Exercise aim: Return the listing exactly. Keep no pictures.

Available data:
= Beginning of Section =
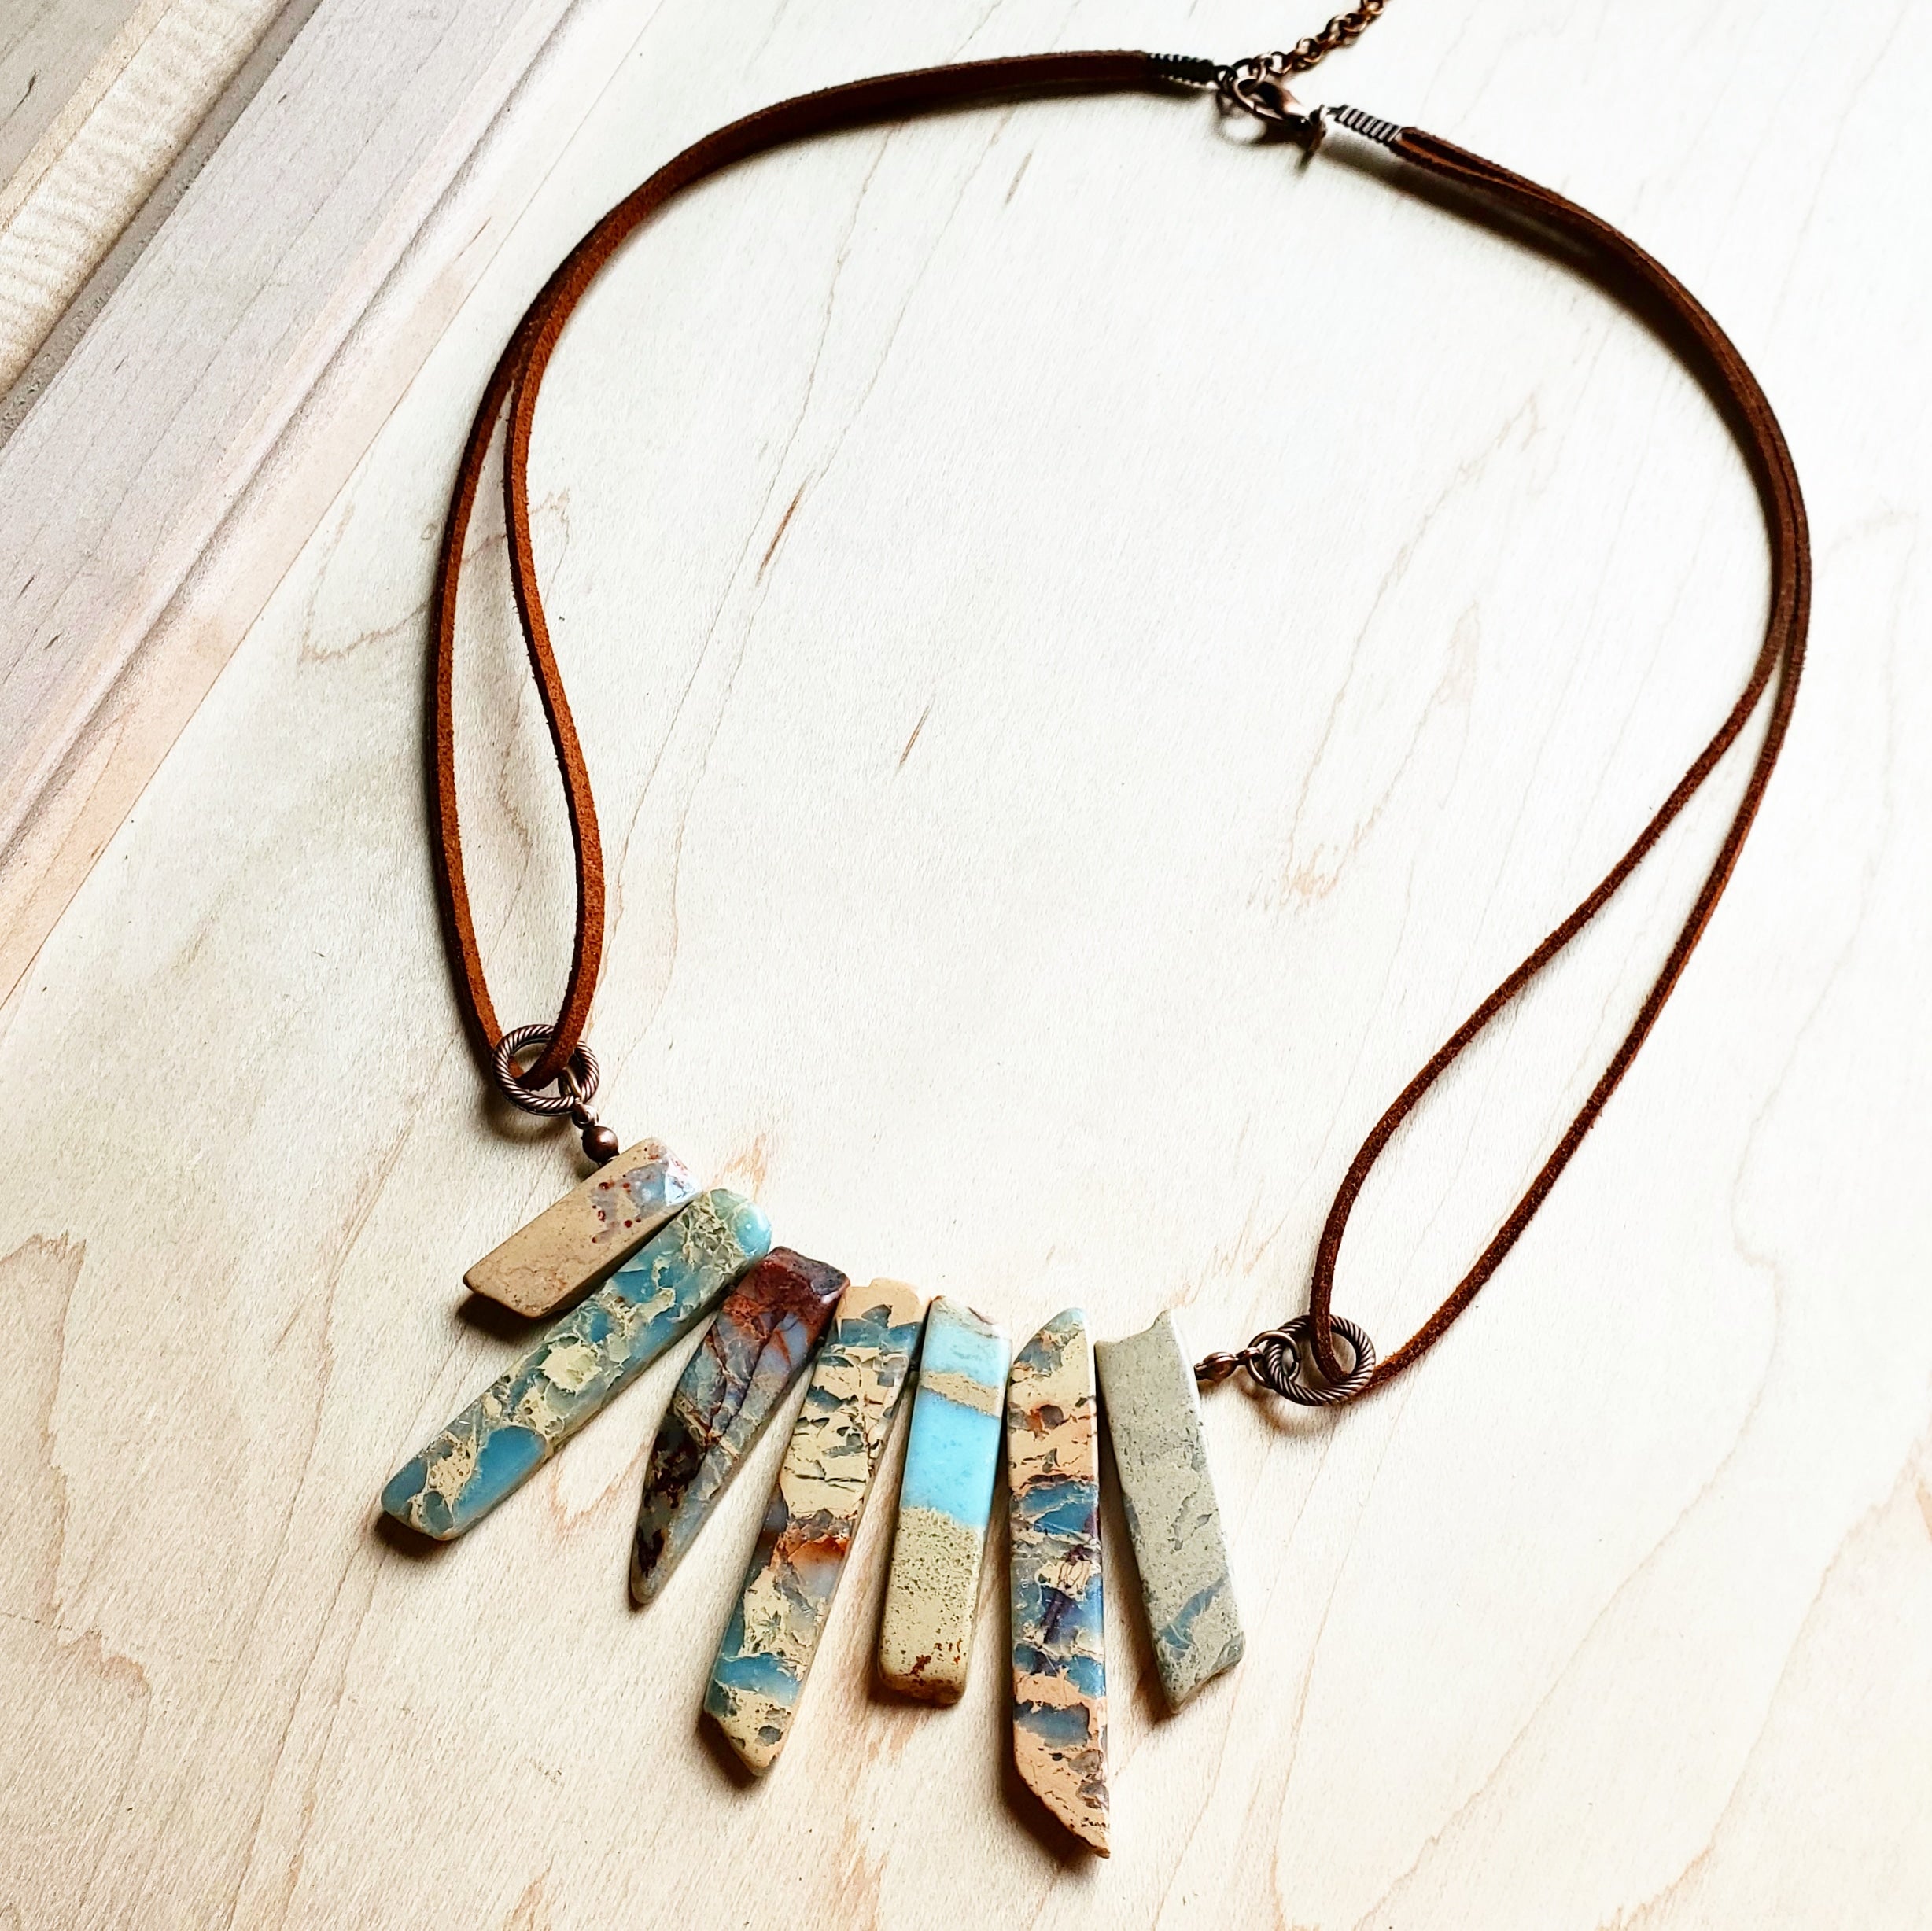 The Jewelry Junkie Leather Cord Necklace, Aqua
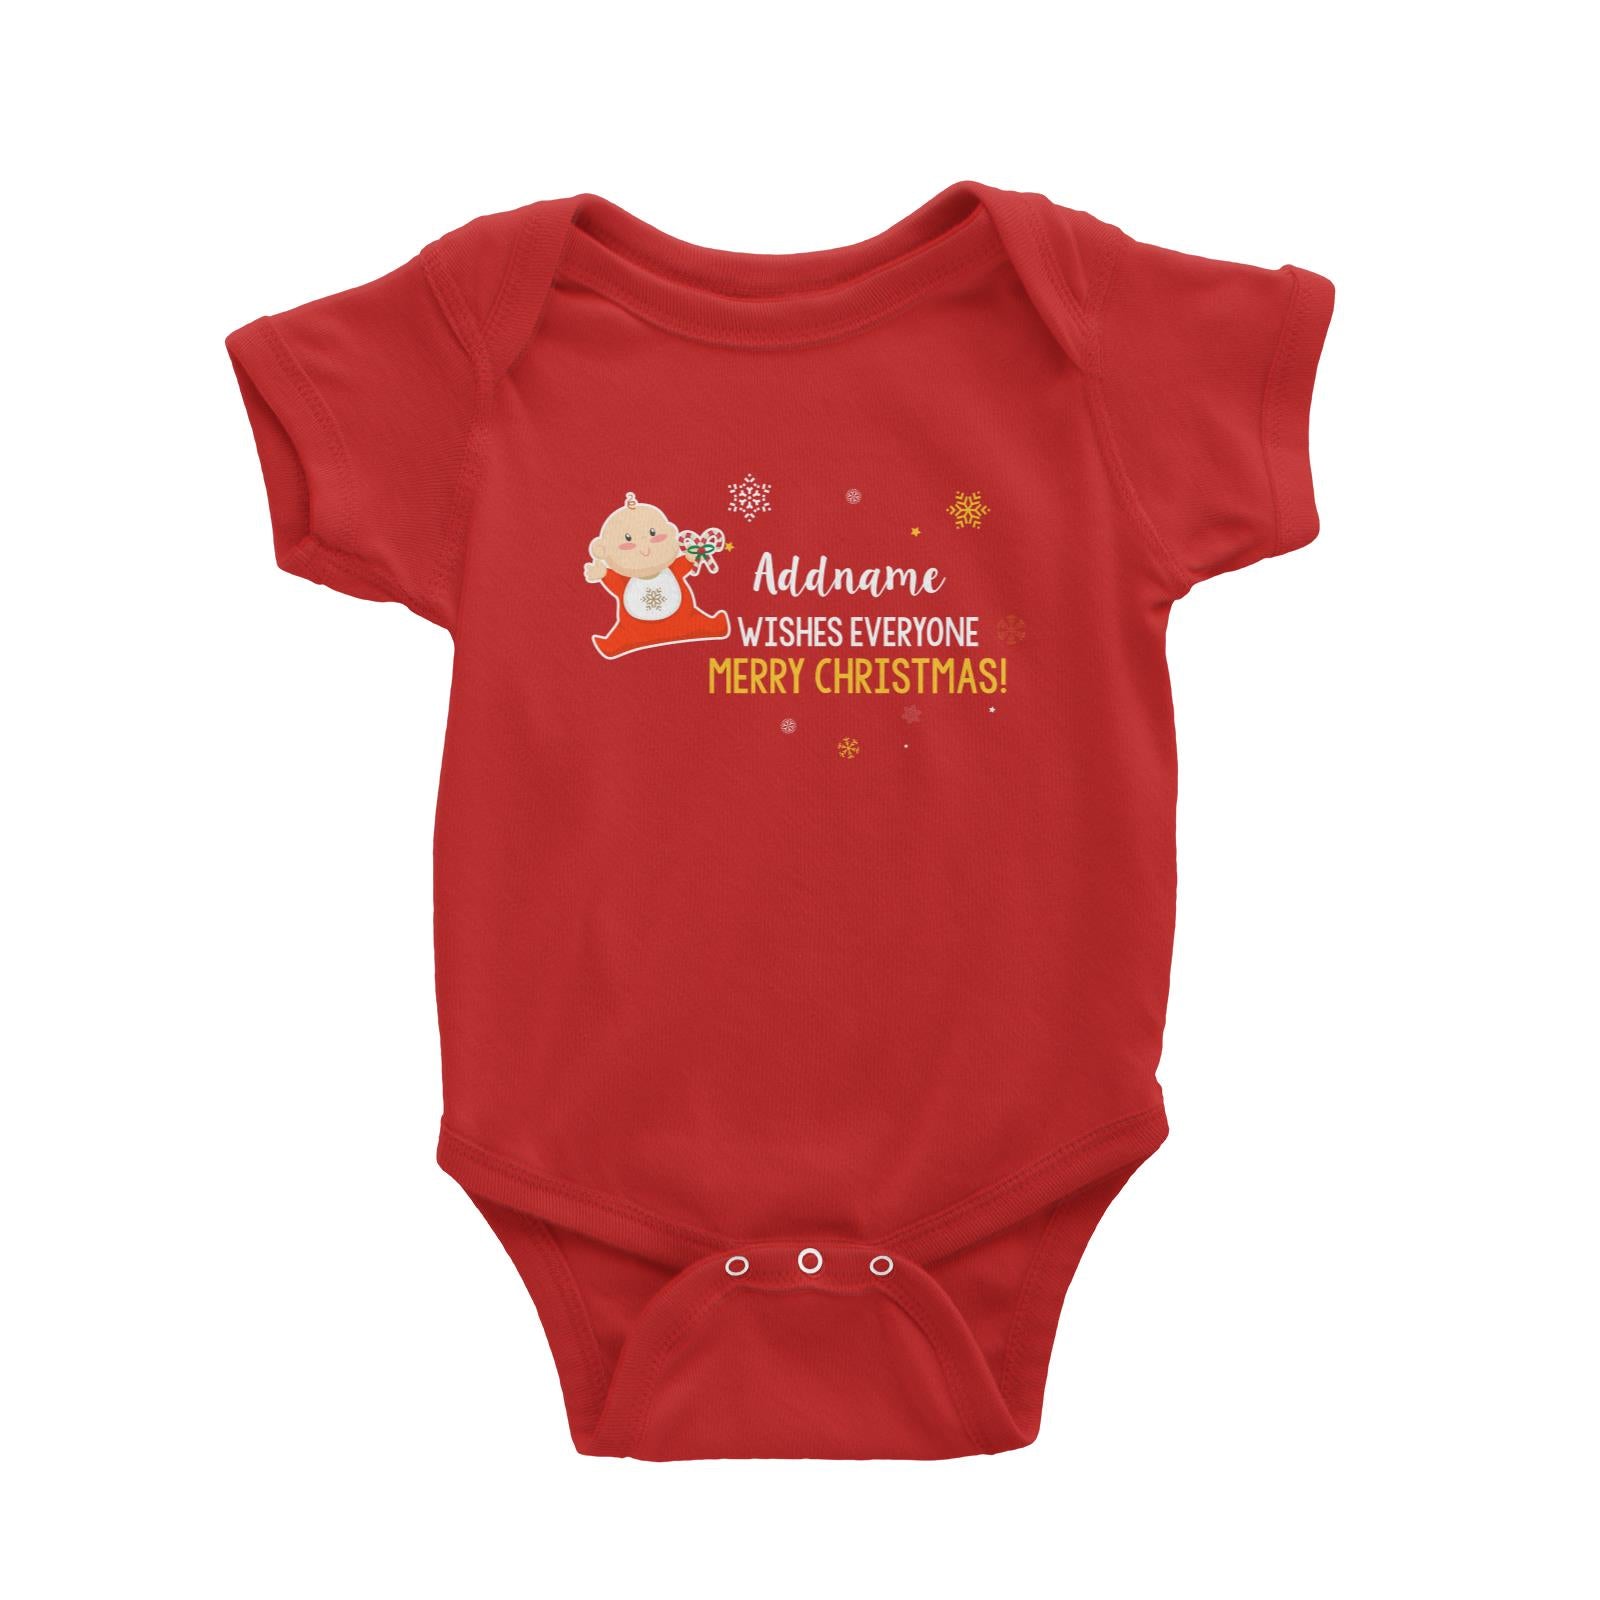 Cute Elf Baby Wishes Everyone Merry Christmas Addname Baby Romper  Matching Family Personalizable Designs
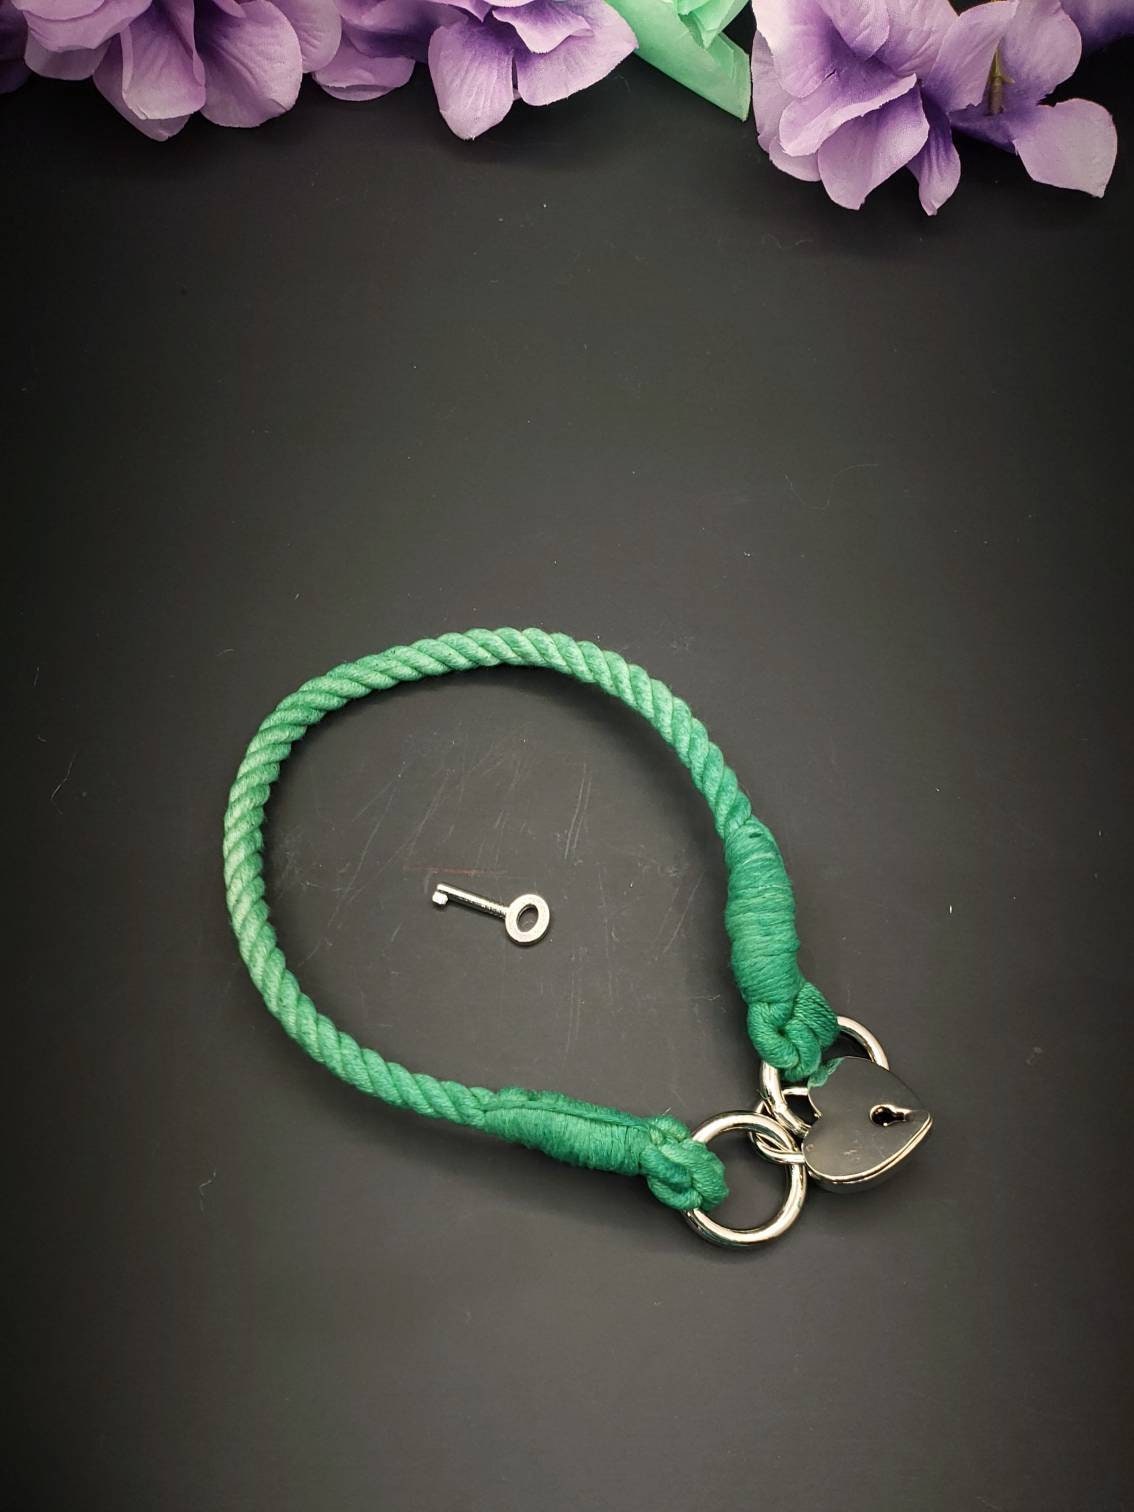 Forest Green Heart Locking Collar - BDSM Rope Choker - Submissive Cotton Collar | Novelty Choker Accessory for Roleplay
= End of Section =
Reply to the task:
 The Jewelry Junkie Leather Cord Necklace, Aqua
 Cute Elf Baby Wishes Everyone Merry Christmas Addname Baby Romper  Matching Family Personalizable Designs
 Forest Green Heart Locking Collar - BDSM Rope Choker - Submissive Cotton Collar | Novelty Choker Accessory for Roleplay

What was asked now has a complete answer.